4.4. Performance of the Entire Framework
Testing was conducted to evaluate the framework, including the model and the filtering process, to assess its overall reliability in reporting damage. Five field operations were conducted, during which the system captured data for a total of 19,013 frames. Simultaneously, damage observations were manually noted while driving, providing a basis for comparing observed damage with the framework’s output. The fieldwork was planned to encompass diverse environmental conditions and guardrail scenarios, ensuring the system’s evaluation under varied real-world circumstances.
Out of these frames,1271 frame predictions were made, which signifies the robustness of the real-time processing model in identifying the damage with minimal false detections. These identified damages contained 155 dents,20 terminals, and 113 posts. Visually verified damages: 150 dents, 19 terminals, and 120 posts.

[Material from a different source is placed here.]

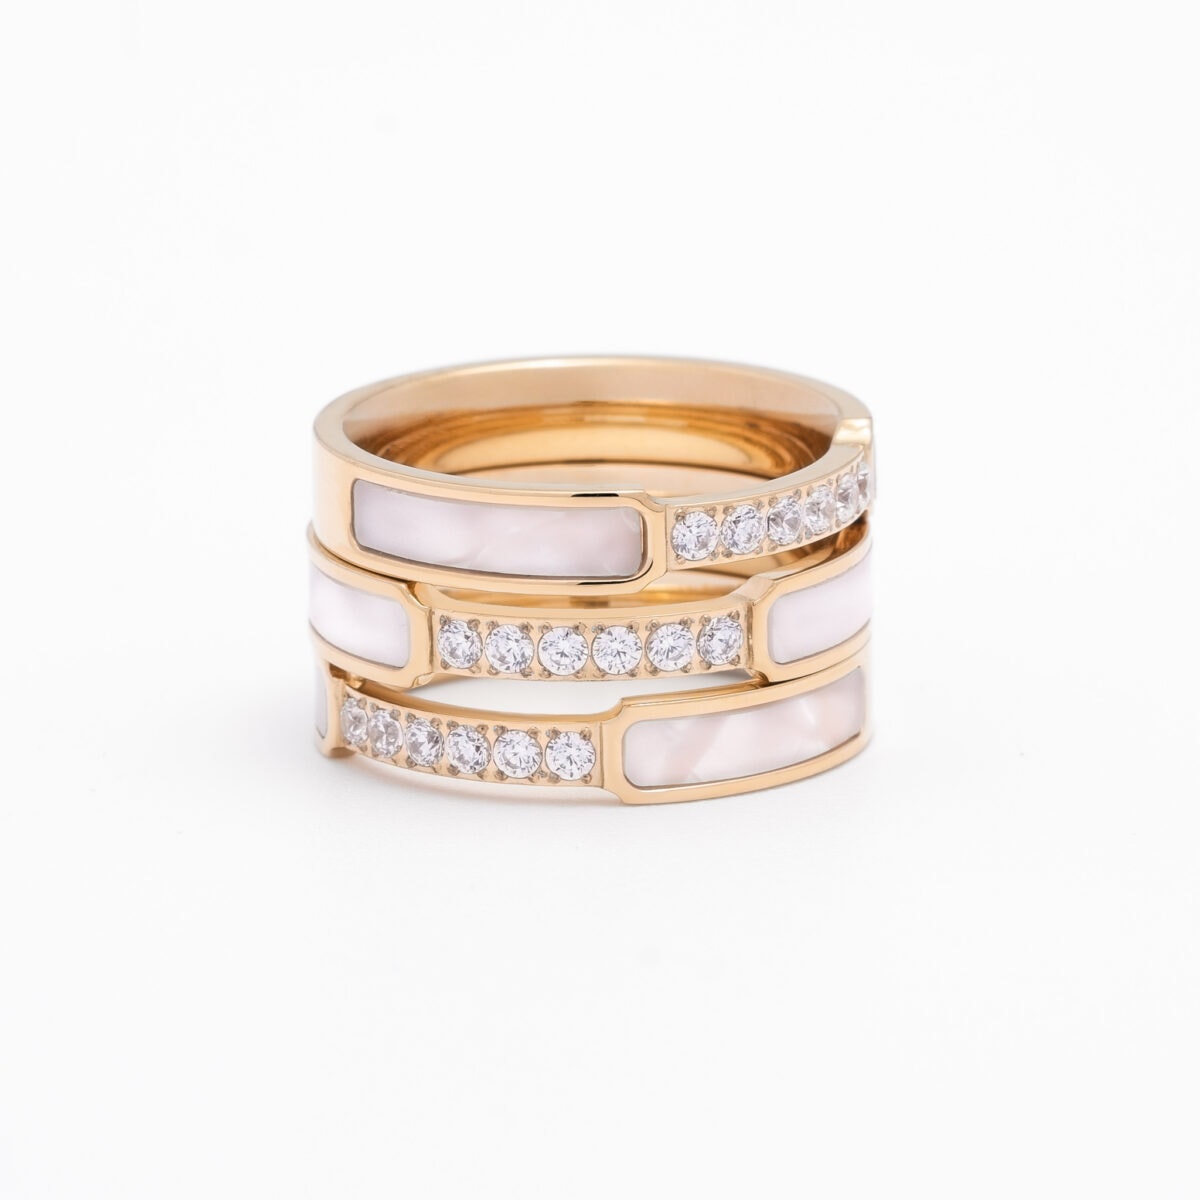 https://m.clubbella.co/product/lace-nacre-staple-ring/ Lace Nacre Gold Ring (1)

The results, after post-processing and using the lightest optimized model (Nano), are as shown in
Table 3.
The entire framework of detection, classification, filtering, and tracking averages 20–40 ms for each frame, making it suitable for real-time applications. Framework achieved an accuracy of 95% for the dents class and 90% for the terminals class, while the posts class achieved 83%, suggesting room for improvement.
4.5. Map Visualization
Once processing is completed, the results are visualized on a map, with each pinpoint representing a specific damage instance. Each damage instance is depicted by a representative frame that showcases the damage. Therefore, the damage has multiple frames. Selecting the frame that has the most accurate representation is important. The middle example is chosen as it provides the most information about the damage. Each item of damage has an image frame saved with the name, as follows:
After the images are saved, GPS locations are matched with frames and projected into a map with the location of each deficiency. For the dents and posts, a clustering algorithm has been used to identify dents and posts present in one rail and prioritize the rails with more dents and posts. Maps are generated for each class separately, with one map containing all classes, as shown in
Figure 21.
Pinpoints in
Figure 21 indicate the following:
Red pinpoints indicate severe dents.
Green pinpoints indicate terminal damage.
Blue pinpoints represent mild dents.
Silver pinpoints denote damaged posts class.
Pinpoints are clustered, indicating the number of dents and posts class damage that are within 25 feet.
5. Conclusions and Summary
This study introduced a practical real-time system for automating the identification and evaluation of guardrail deficiencies using advanced computer vision models and deep learning methods. The framework integrates YOLOv8 for object detection, a second-stage classification model to assess damage severity, and advanced tracking algorithms, such as Deep OC SORT, to maintain consistent object IDs while reducing false detections. By applying quantization and pruning, the system achieves faster inference, assigning a unique ID to a guardrail defect only when it appears in multiple consecutive frames.
Field testing processed 19,013 captured frames, resulting in 1271 reliable detections. The system achieved 95% accuracy for dents, 90% for terminals, and 83% for posts. Each detection is automatically linked to precise GPS coordinates through the Robot Operating System (ROS), producing a map-based output that clusters damage locations according to severity. This setup helps transportation agencies rapidly identify and prioritize critical repairs. The classification module refines detection results by categorizing dents as either minor or severe, taking into account contextual indicators of damage, such as deflected posts or tears in the rail.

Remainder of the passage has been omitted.